Phase 2: Model Deployment
Objectives:
- Deploy the model to Vertex AI.
- Ensure the model is accessible and ready for use.
Steps:
- Upload the model package to Vertex AI.
- Create a Vertex AI model resource and associate the model package.
- Define the serving configuration, including scaling and resource settings.
- Deploy the model to a Vertex AI endpoint.
- Test the deployed model by sending sample requests and verifying the outputs.
Exit Criteria:
- The model is successfully deployed to a Vertex AI endpoint.
- The model is accessible and can receive and process requests.
- Sample requests return the expected outputs.
Phase 3: Model Monitoring
Objectives:
- Establish monitoring for the deployed model.
- Collect and analyze performance metrics.
Steps:
- Configure Vertex AI's monitoring capabilities to track the model's performance.
- Define relevant performance metrics, such as accuracy, latency, and error rates.
- Implement logging and alerting mechanisms to detect and report anomalies.
- Regularly review the model's performance metrics and logs.
- Identify any potential issues or degradation in the model's performance.
Exit Criteria:
- Monitoring is set up and configured for the deployed model.
- Relevant performance metrics are being collected and analyzed.
- Logging and alerting mechanisms are in place.
- The model's performance is within expected thresholds.
Phase 4: Model Maintenance
Objectives:
- Maintain the deployed model and address any issues.
- Prepare for model updates and redeployments.
Steps:
- Respond to any performance issues or anomalies identified during the monitoring phase.
- Determine the root cause of the issues and plan appropriate actions.
- Coordinate with the model development team to address the issues.
- Prepare for model updates, including version management and deployment strategies.
- Develop a process for redeploying the model with updated versions or configurations.
Exit Criteria:
- All identified performance issues are resolved.
- A plan is in place for handling model updates and redeployments.
- The model continues to operate within expected performance thresholds.
Success Criteria Checklist
- [ ] The model is successfully deployed to a Vertex AI endpoint.

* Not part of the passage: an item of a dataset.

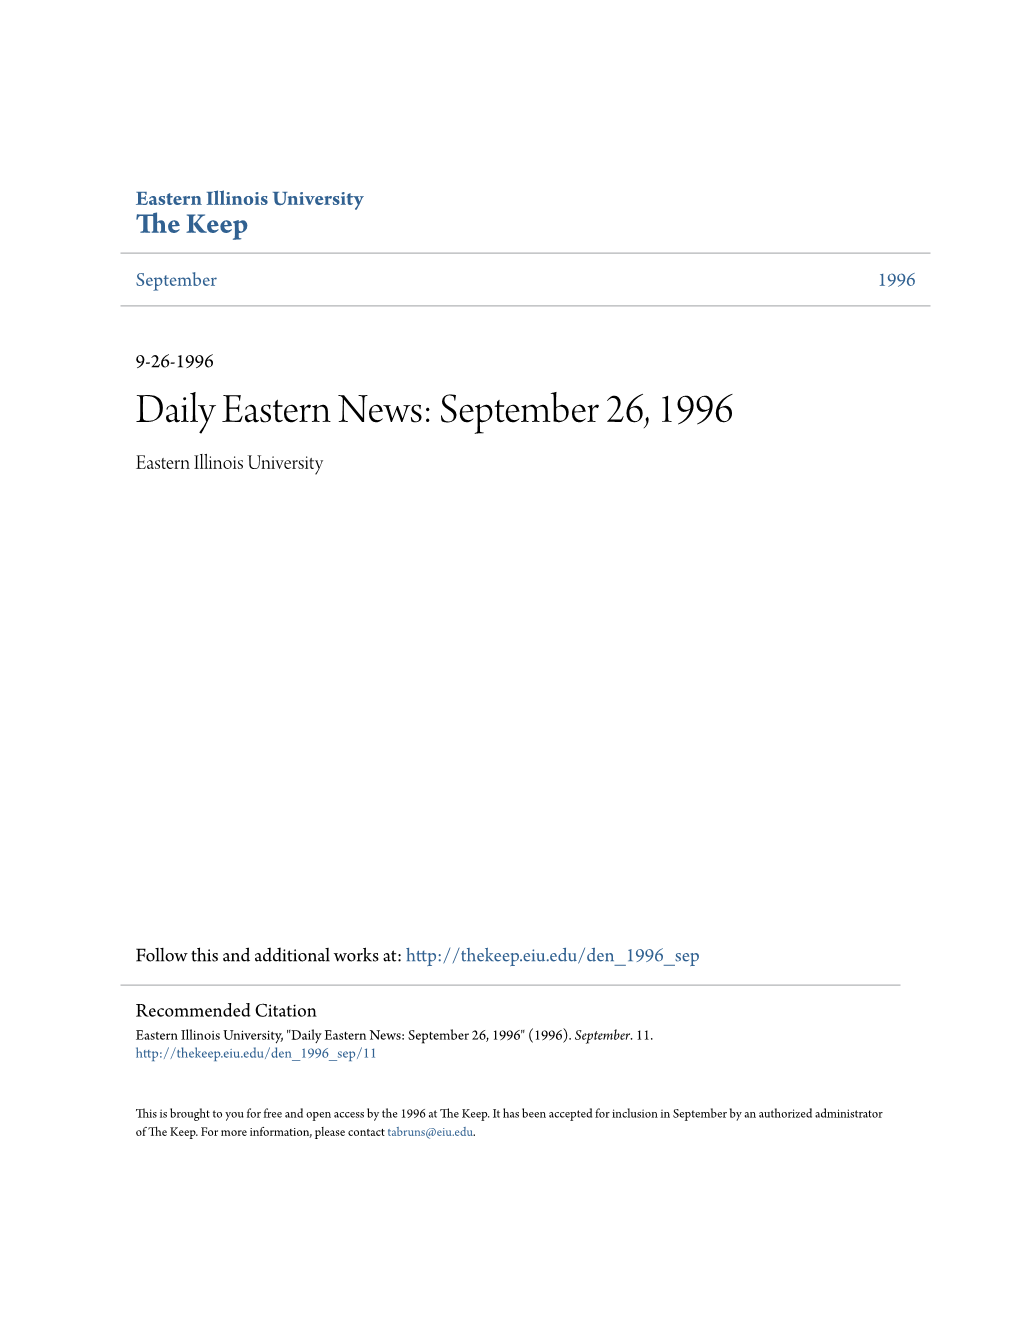 Daily Eastern News: September 26, 1996 Eastern Illinois University

- [ ] The model is accessible and can receive and process requests.
- [ ] Monitoring is set up and configured for the deployed model.
- [ ] Relevant performance metrics are being collected and analyzed.
- [ ] Logging and alerting mechanisms are in place.
- [ ] The model's performance is within expected thresholds.
- [ ] All identified performance issues have been resolved.
- [ ] A plan is in place for handling model updates and redeployments.